Orange County Superior Court Judge Robert Fitzgerald today re-sentenced and released career criminal John Paul Beckman over the objections of the district attorney's office.
The hearing was prompted by Prop. 36, the initiative voters passed in November to reform California's Three Strikes Law so that the most-recent offense is not "serious or violent."
Fitzgerald essentially ruled that, after a check of Beckman's criminal background, the Soledad prison inmate no longer poses a risk to public safety.
The Orange County District Attorney's office, to demonstrate its belief that Beckman should remain in prison for life because the 48-year-old remains a threat, released this criminal history:
On March 23, 1984, Beckman was convicted of one misdemeanor count of trespassing.
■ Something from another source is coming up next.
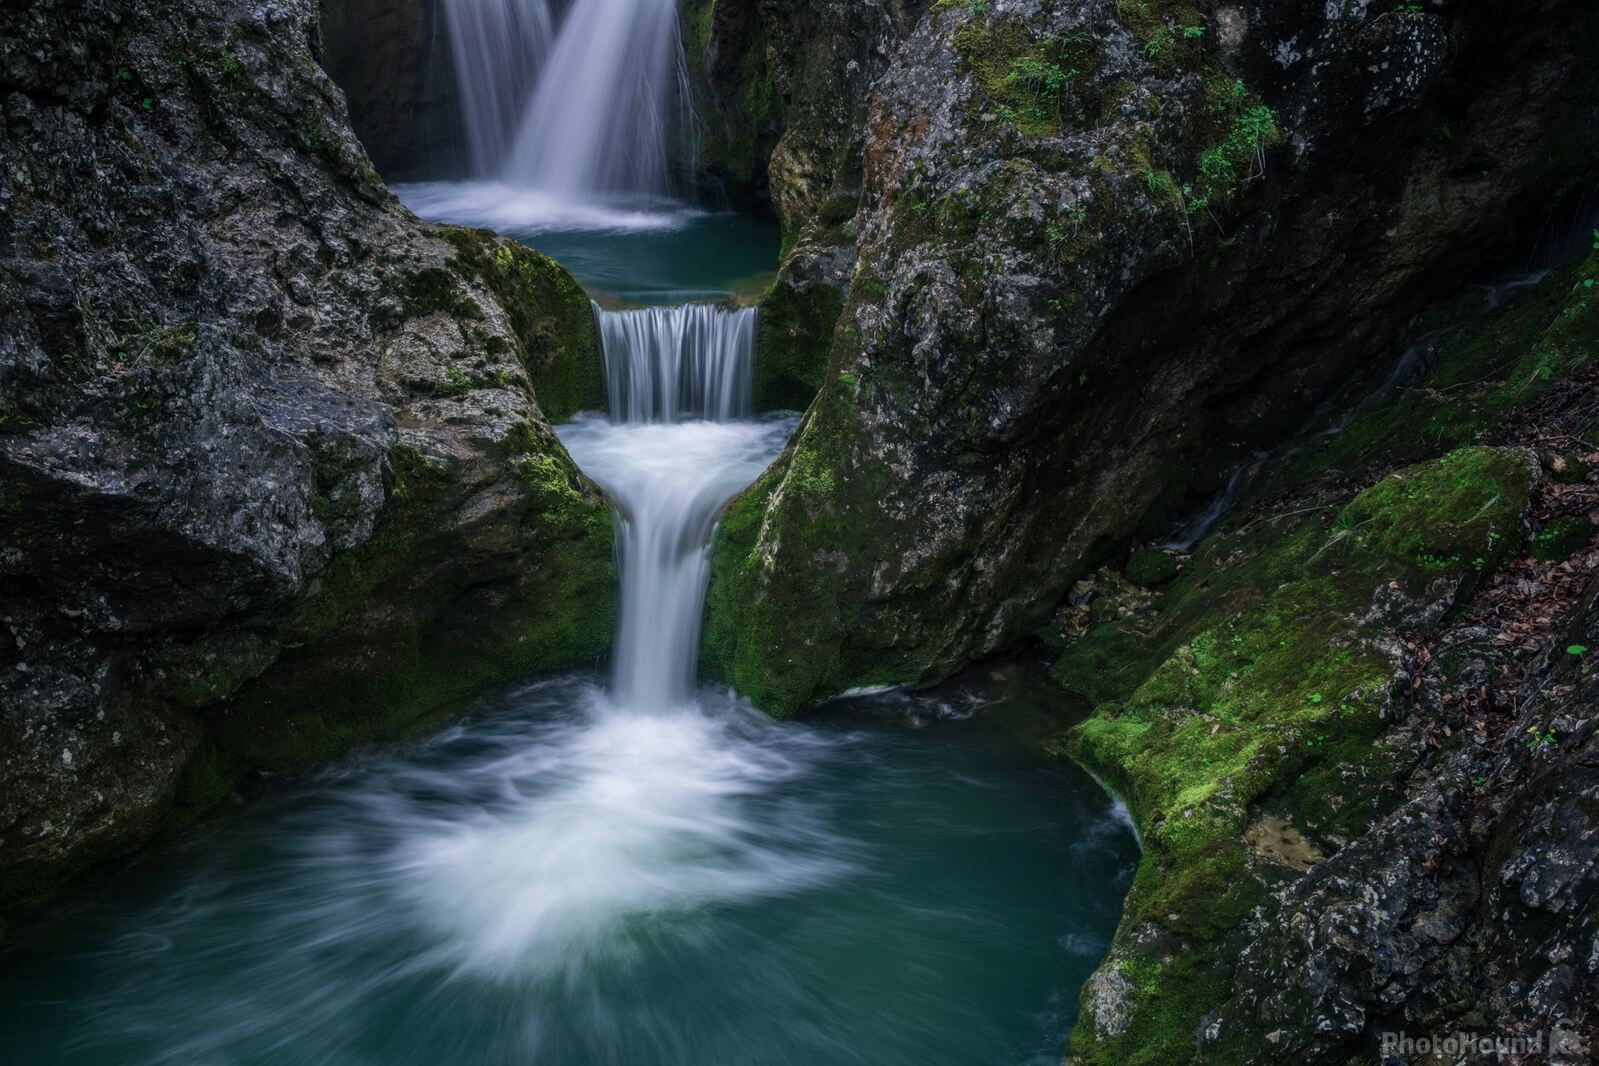 Image of Brdarjev Slap (Brdar Waterfall) by Luka Esenko

Beckman was sentenced to two days in jail.
On Oct. 15, 1984, Beckman was convicted of one misdemeanor count of possession of stolen property. Beckman was sentenced to seven days in jail with two years of probation.
On April 8, 1985, Beckman was convicted of one felony count of possession of stolen property. Beckman was sentenced to one year in state prison and three years of probation.
On Dec. 16, 1985, Beckman was convicted of one felony count each of commercial burglary and possession of stolen property. He was sentenced to one year and four months in state prison. Beckman was granted parole on July 31, 1986, and violated his parole on Oct. 10, 1986.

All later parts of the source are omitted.